Tuesday, December 10, 2013

Starting at the Beginning

Father God you created every living thing; every bird, every animal, every plant, every tree, every drop of water, every grain of sand and every human being.  It all begins with you and it all ends with you.  So often we forget to thank you and to honour your for this.  More often though we forget to cherish each day, each breath, each moment.  Life has a way of getting in our way and that is the worst excuse going.  Nothing should stop me from honouring you, nothing should stop me from remembering how I came to be and why I am here.  So often I find myself wandering in prayer.  Why is it so easy for me to wander from you when you have never wandered from me???
Help me God to stay focused and to stay grounded in you.  Help me to never forget the gift that life is, that my life is. I want to be closer to you God but I let so much get in the way.  I am not the servant I want to be, I am not the witness I want to be.  Am I the servant and witness you want me to be?  Change me God if I am not. Keep me focused on you, keep me focused on what it is that you want me to do with my life.  Use me God to better your world, this world that you so freely have given us and we have abused and mistreated it and those in it.  I am your faithful servant and I am trying hard to empty myself of my will so that you can do whatever it is with my life, take me wherever you want me to go.  I need to stop resisting, I need to stop being  a Jonah.  Make your channel God.
Amen

Friday, December 6, 2013

My Identity in You

Oh heavenly Father, today I am processing a devotion on identity...how I view myself and how that gives way to sin.  God I know I need help here.  I view myself as overweight, lacking in self-worth and a failure at times and yet others I view myself with excessive self worth...it makes no sense.  Why can't I just see myself as you see me...perfect, wonderful, beautiful...exactly as you made me.  When I view myself in a negative light then I end up giving way to sinful behaviour.... glutteny, over eating especially poor food choices.  I gossip, I focus on the negatives in others, I put undo attention on myself.  So many things, so many bad choices.
God, please help me to identify myself in you.  Help me to see myself as you see me.  Help me to ward off the negative self talk, the words of the enemy creeping in and making me doubt everything about me.
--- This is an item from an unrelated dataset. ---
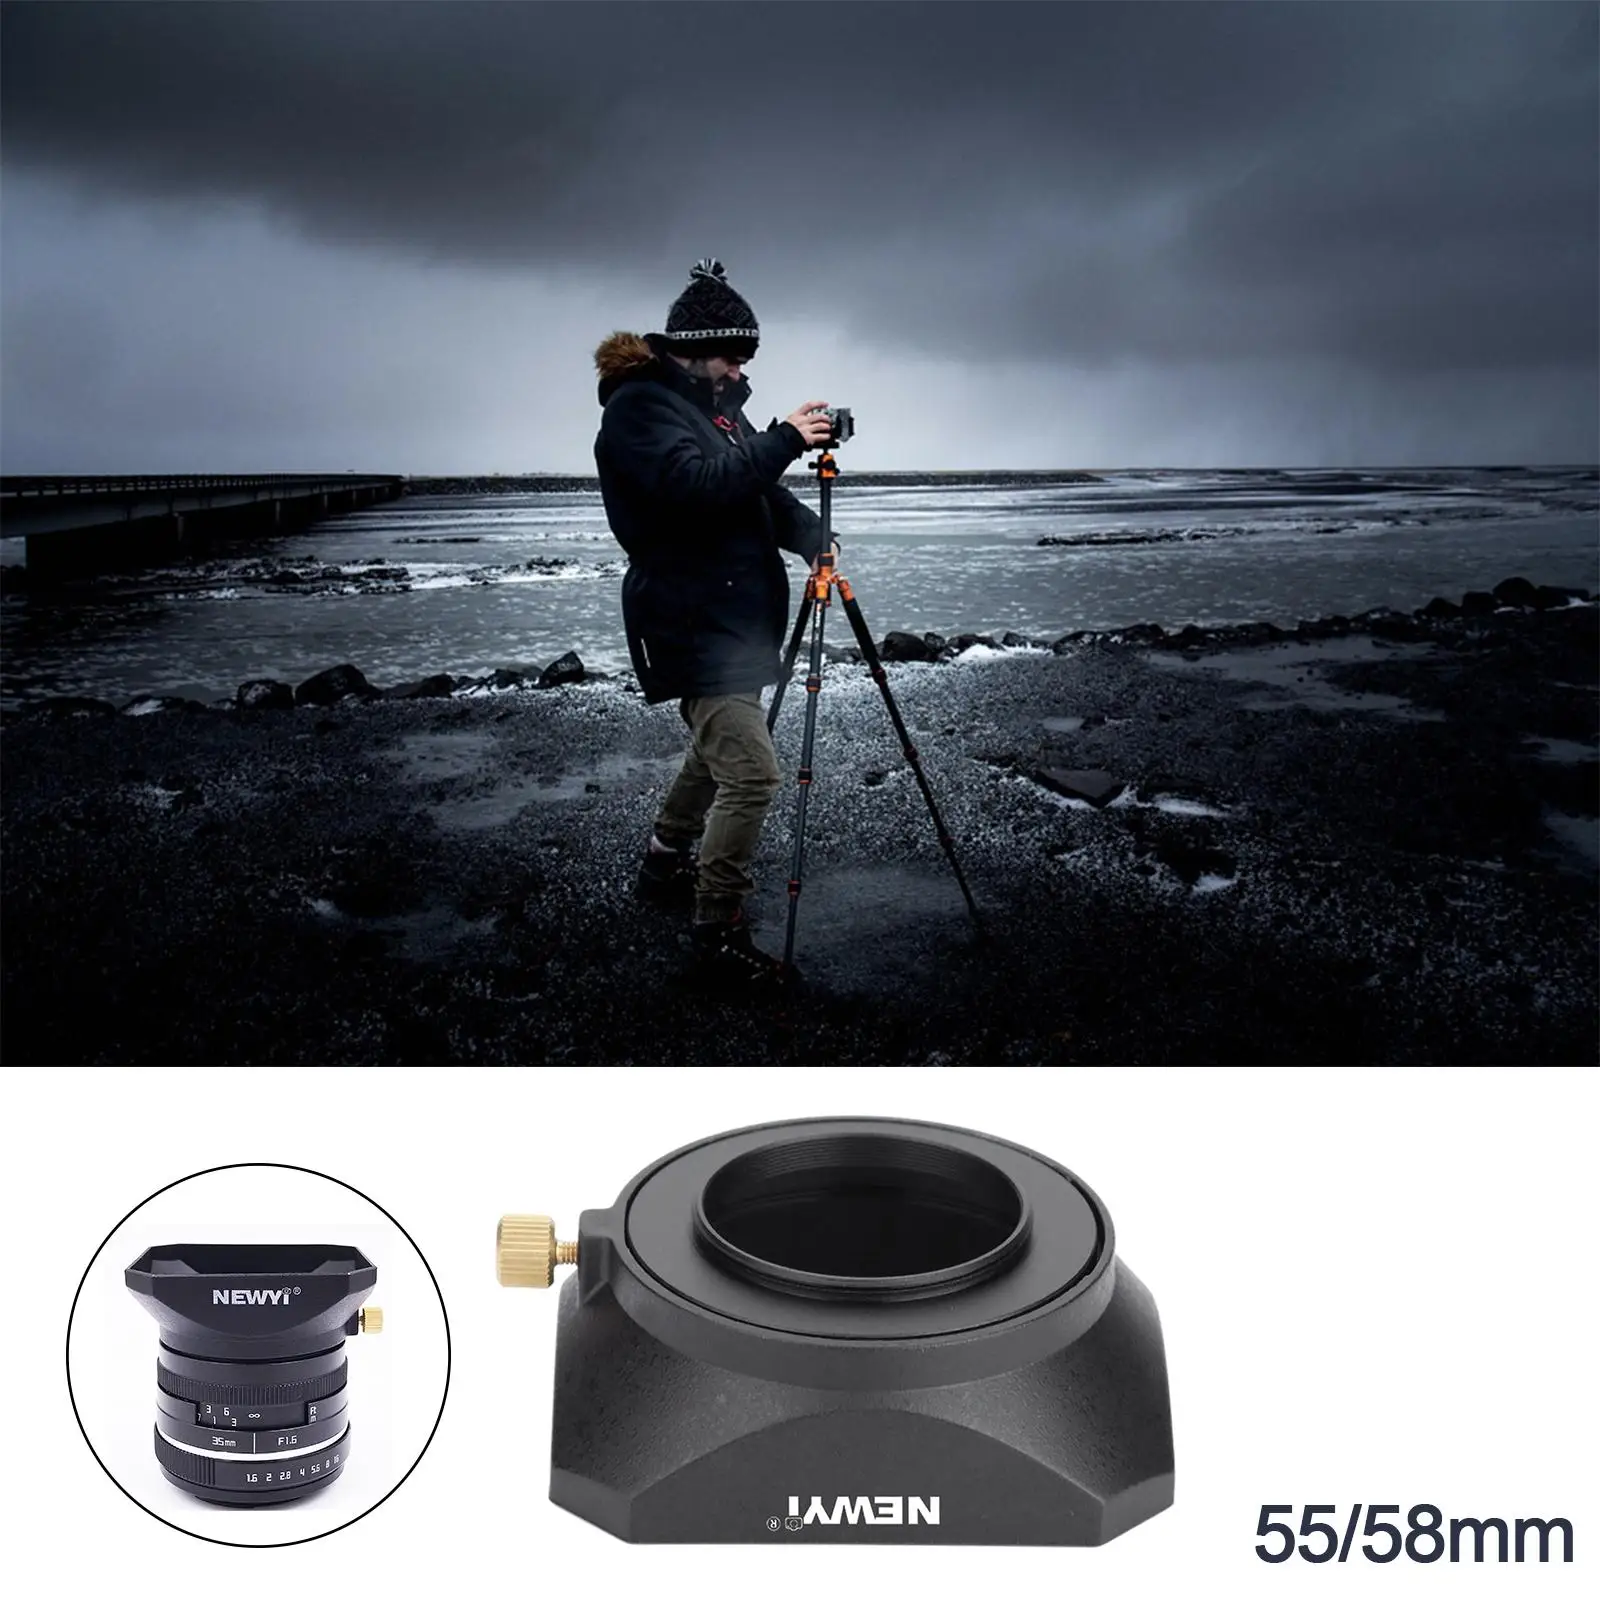 Square Camera Lens Hood  Interference Light Plastic with Screw Mount  for Mirrorless Camera, DSLR, Easy to Install

With confidence given by you, not by me, I can do many great things in you. I can be a good servant and witness.
Thank you so much for the person you have made me.  Thank you for the strength you have given me to get healthy, to eat better, to exercise more, to lose the weight that has pulled me down for years.  Please continue to bless me in this way.  Thank you for the gifts of words that I have been blessed with and have shared so freely with others, I know you are using me to help others refocus when grief has torn them down.  And thank you God for my life, for saving me!
I love you Lord Jesus, with all my heart and wish only to be the best servant I can be.
Amen

Thursday, December 5, 2013

Surprises

Oh Heavenly Father; today I am reminded of all the wondrous surprises you present us with.  How often do we think we can predict what will come next, how often do we just coast along in life, going through the motions and never giving it a second thought until something happens to cause us to sit up and take notice.  To take notice of you!
God I am so sorry for missing the purpose of your surprises at times.  I am so sorry for not being patient to wait for them.  I am even more sorry for the times I have just gone through the motions and not given my life and the blessings it is filled with much thought let alone praised you for it.
It is so encouraging to know that you are a surprising God for the surprises are the ways that you break our cycle, especially when it is a cycle of sin.
I want to be open and welcoming to all the surprises you have for me Lord.  Help me to appreciate my life at all times...in the times of surprise and excitement, in the times of sorrow, sadness, strife, and trials and all the times in between when life might seem just abit stagnant and boring.  Help me to see that each and every part is a gift from you.
I want to be your servant Lord, to serve you in all of these times, to not doubt, to be faithful and sure and to be a witness to your amazing love.  Help me Lord, strengthen me Lord, give me patience.
Amen

Wednesday, December 4, 2013

Faith and Patience

Heavenly Father;
So often it is hard for me to be patient and wait for you to answer my prayers.  So often I think I am getting the answer and jump ahead with what my selfish heart wants, convincing myself it is what you want me to do, only to end making mistakes, making the wrong choice, ending up in more troubles instead of less.
When we have faith in you, when we trust you to bring the change, to answer the prayers, to bring the next stage of our life forward instead of rushing ahead without thinking, without being impatient, we are rewarded.
Help, oh God, to be patient.  Help me to be still and listen.  Help me to pray before I act...not just think before I act.  Help me to be a good servant by giving me the much needed patience that is required to hear your voice and feel your guidance.